● Work instructions:
As you print the data below, keep every line exactly as it is and leave the images behind.

● Data provided:
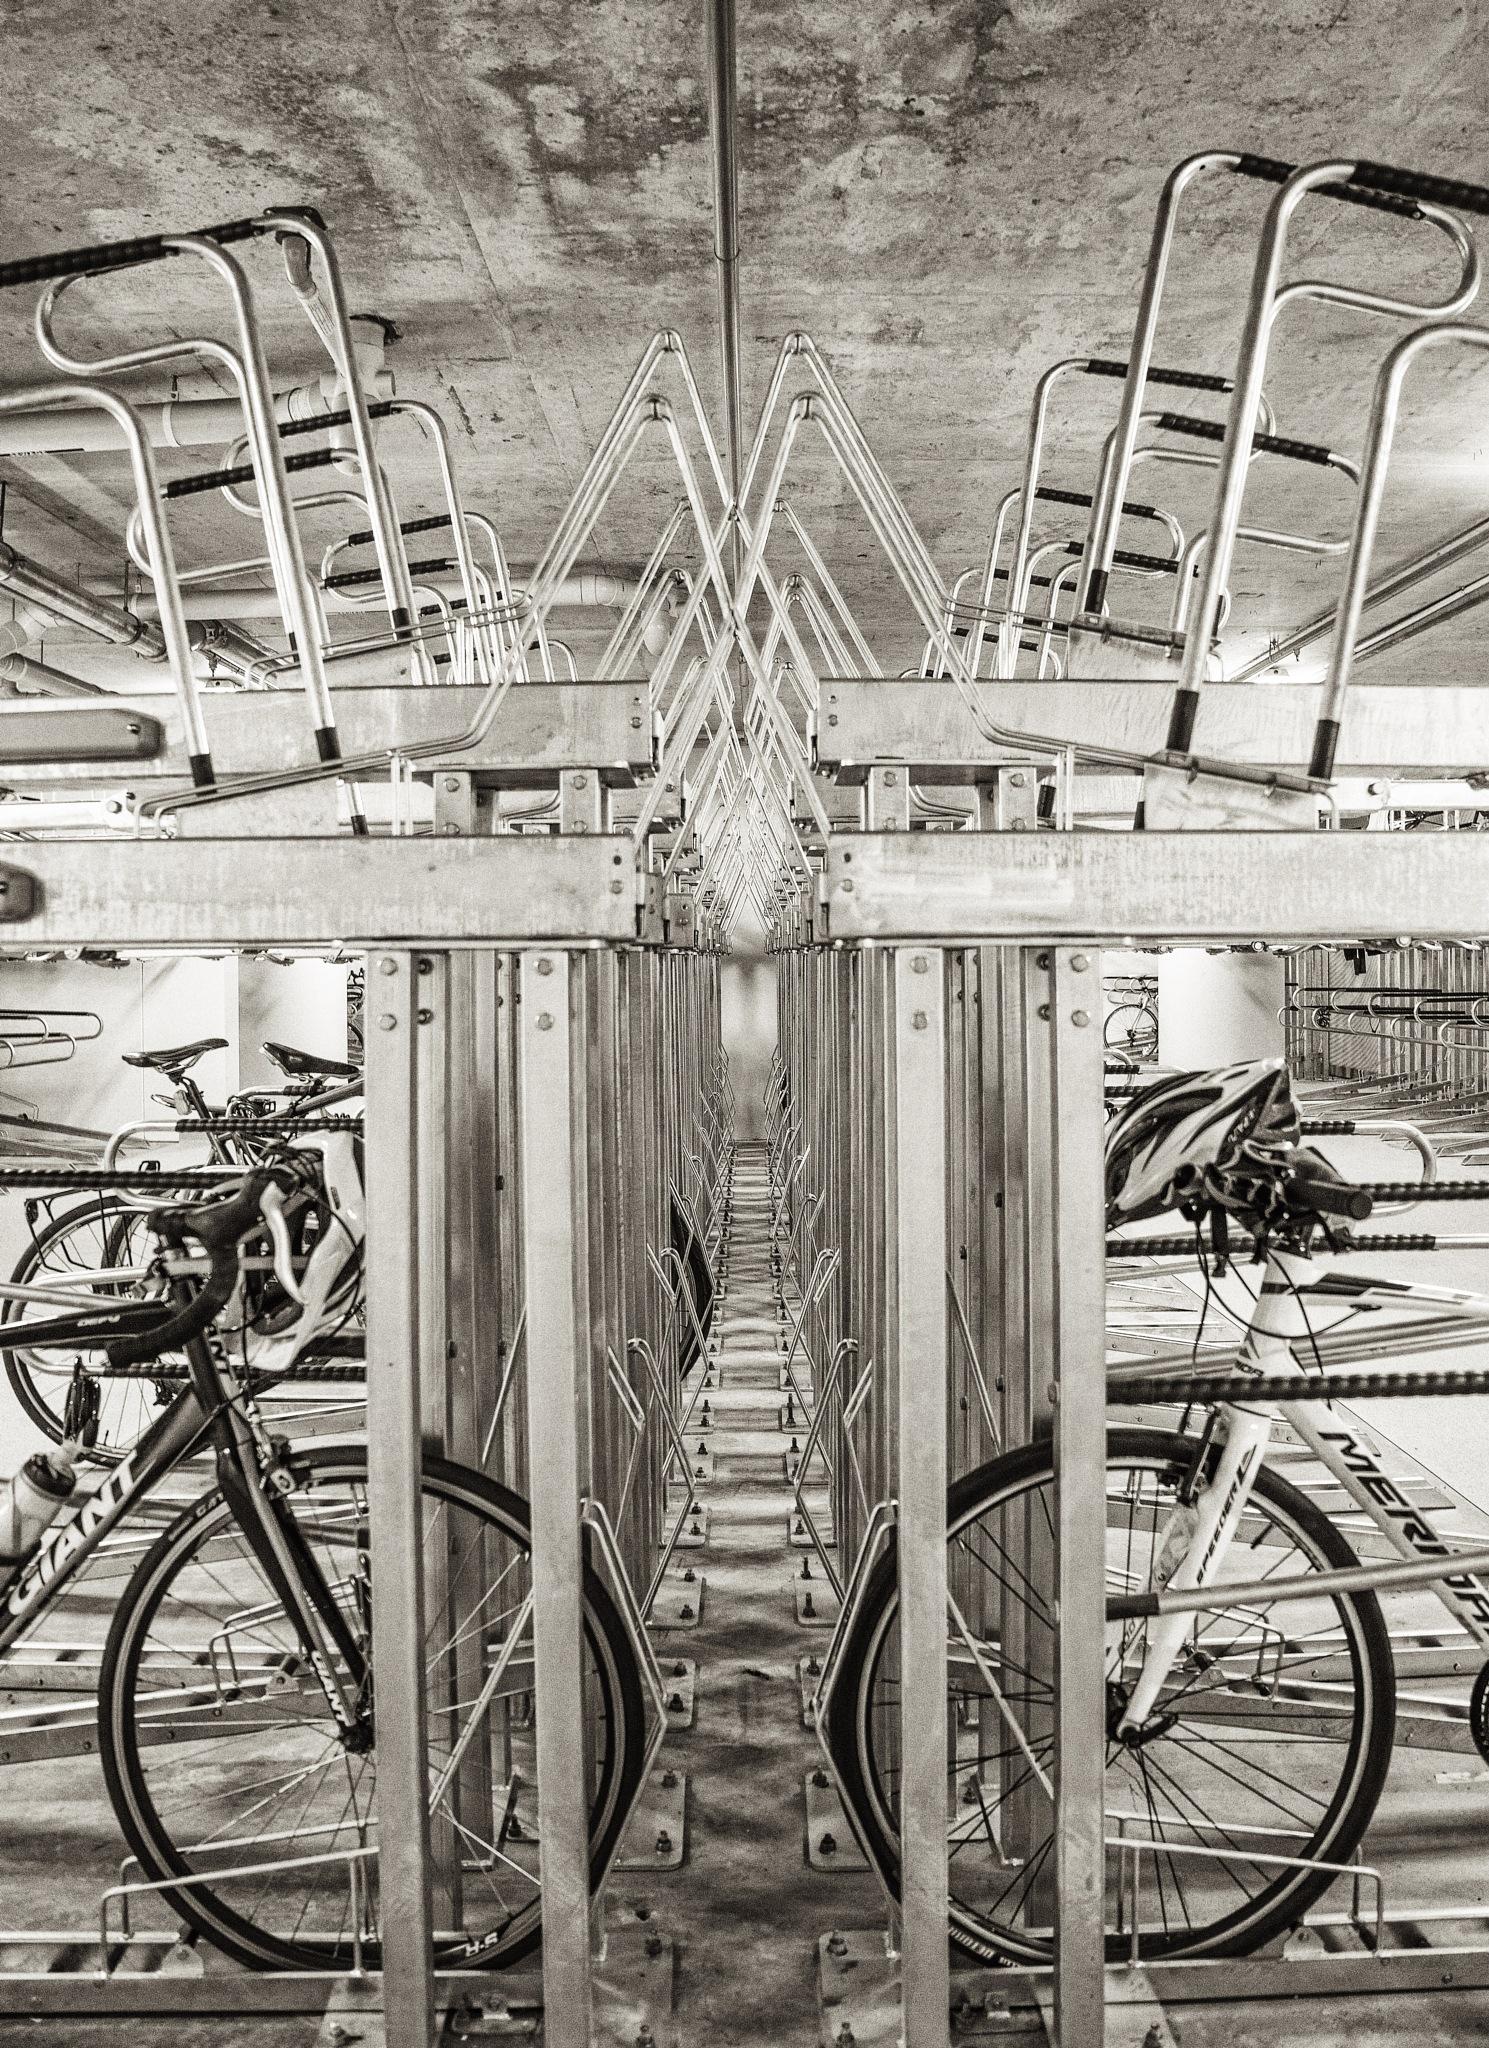 Row Upon Row. by ensbassatt
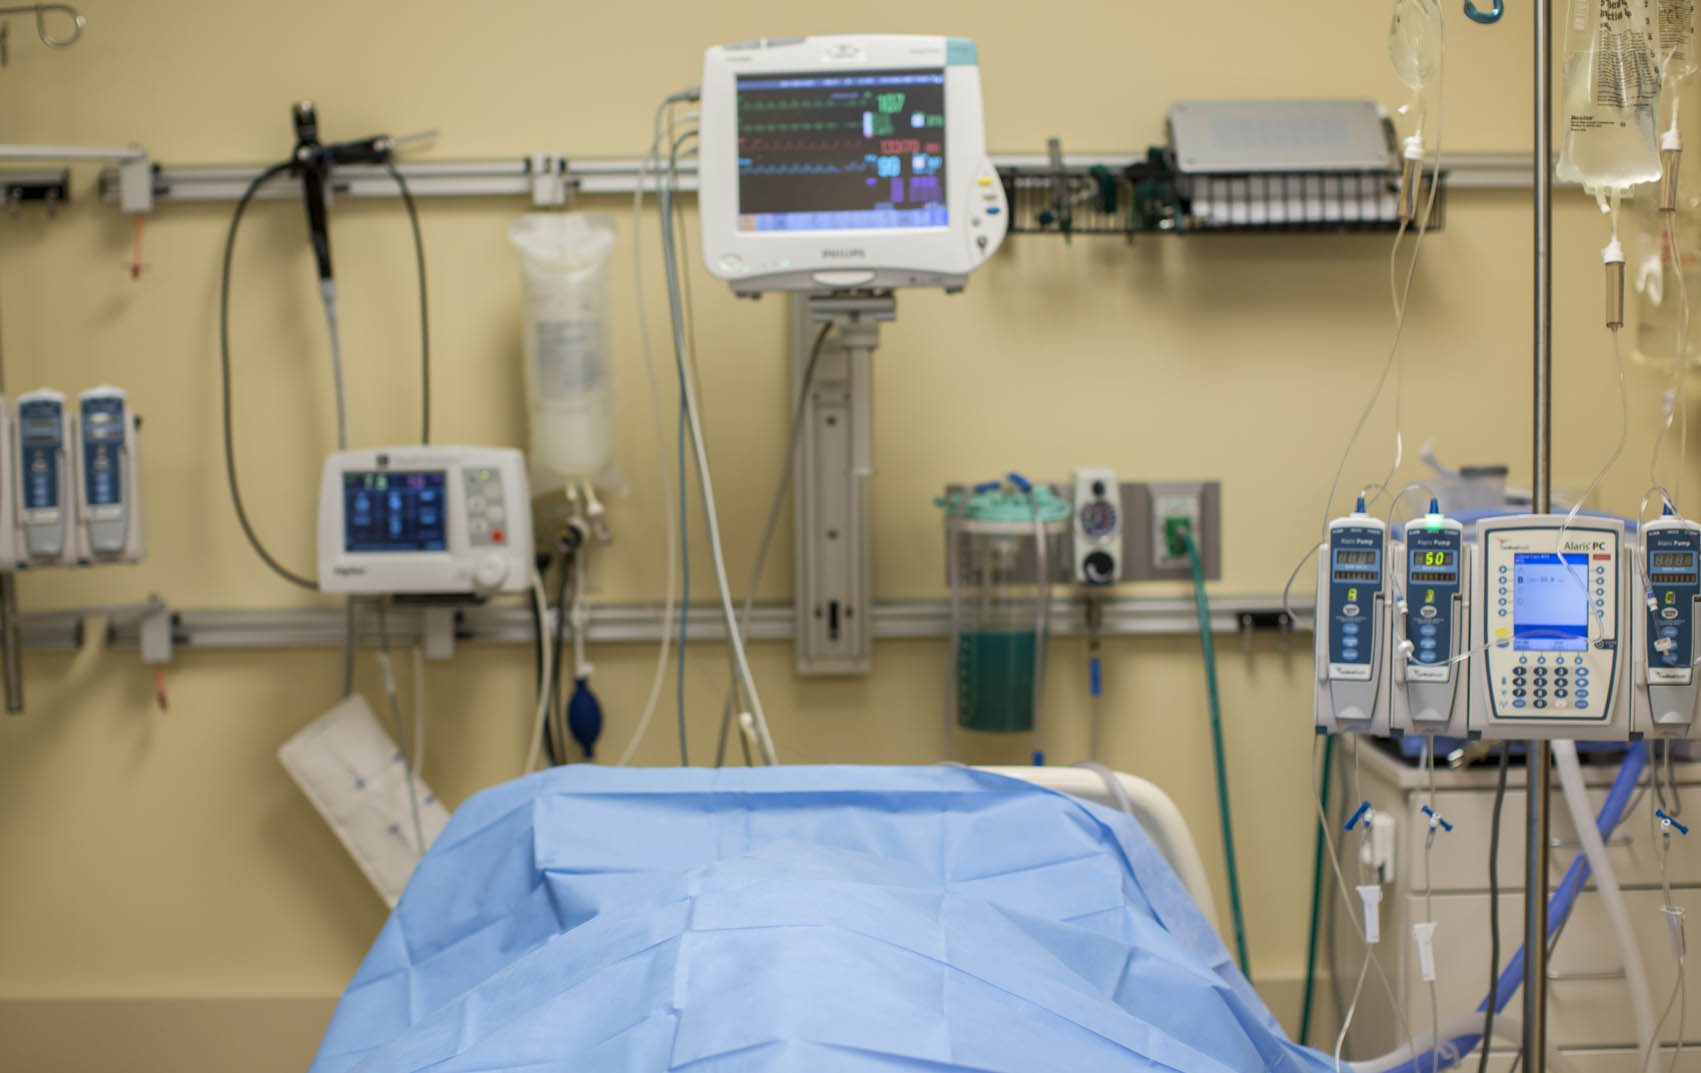 Generic Hospital Room_222157
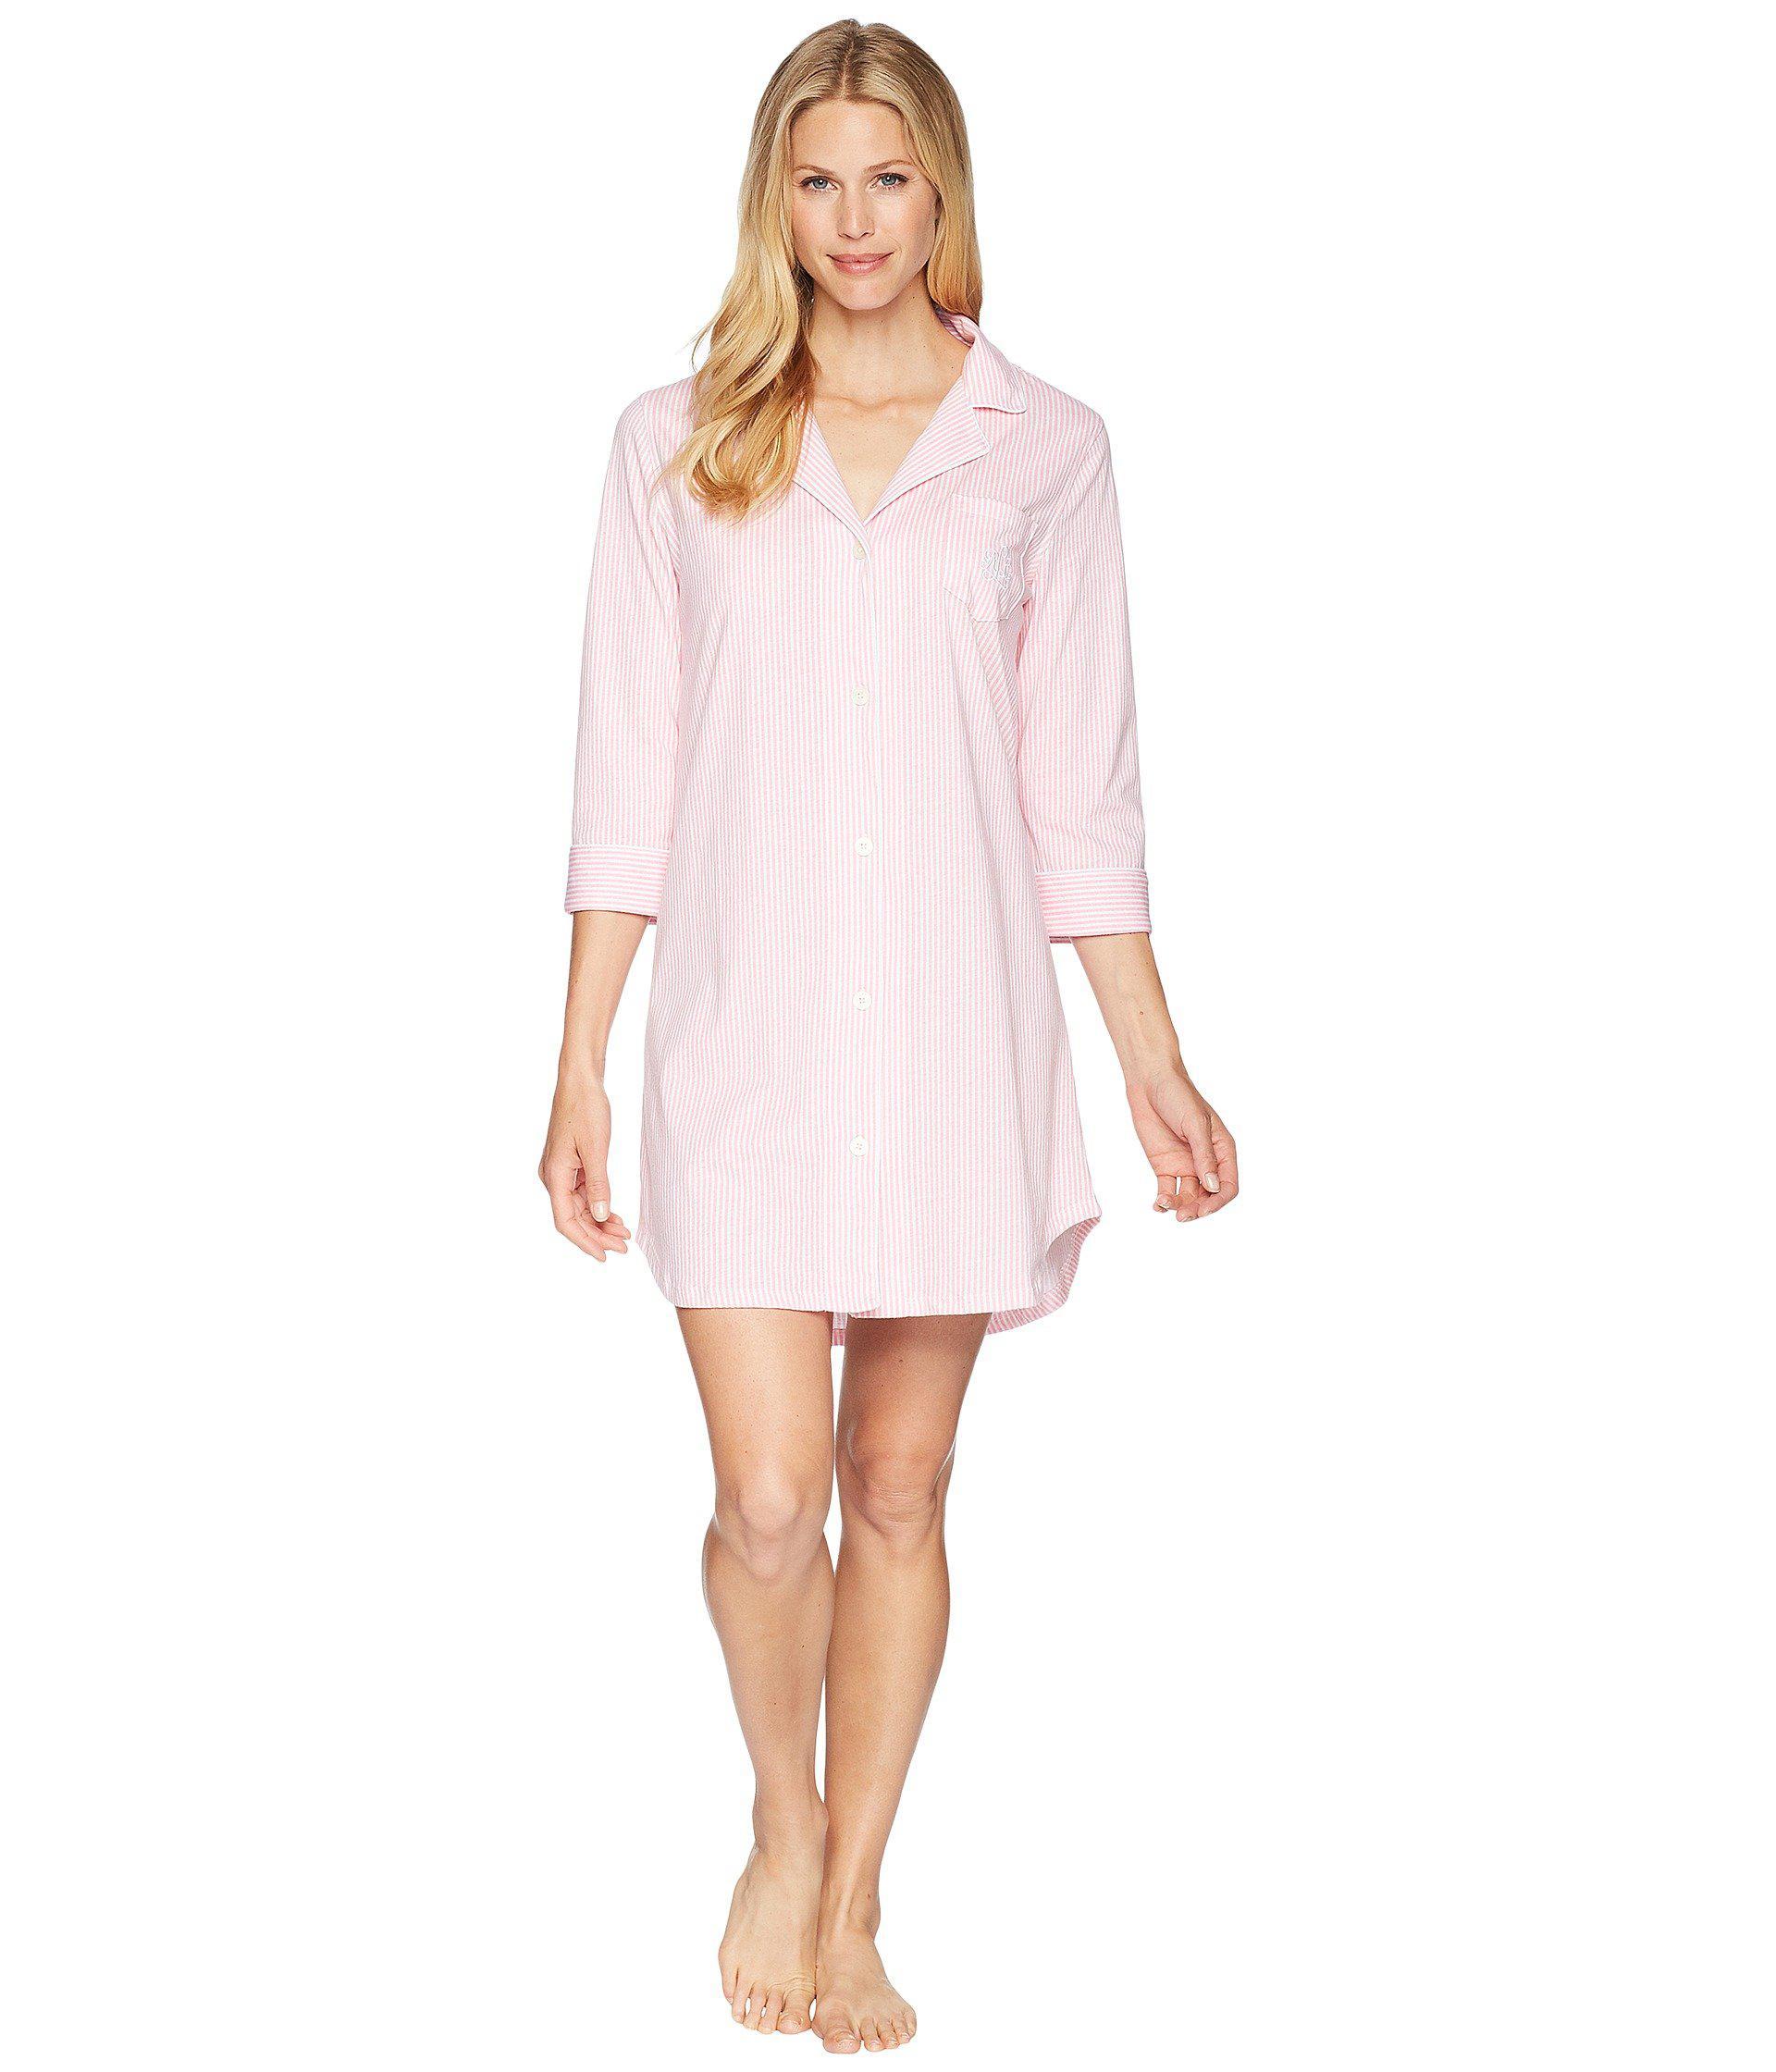 94081e4715ef7 Lauren by Ralph Lauren. Pink Essentials Bingham Knits Sleep Shirt (navy  Polka Dot) Women s Pajama

● Exercise solution:
 Row Upon Row. by ensbassatt
 Generic Hospital Room_222157
 94081e4715ef7 Lauren by Ralph Lauren. Pink Essentials Bingham Knits Sleep Shirt (navy  Polka Dot) Women s Pajama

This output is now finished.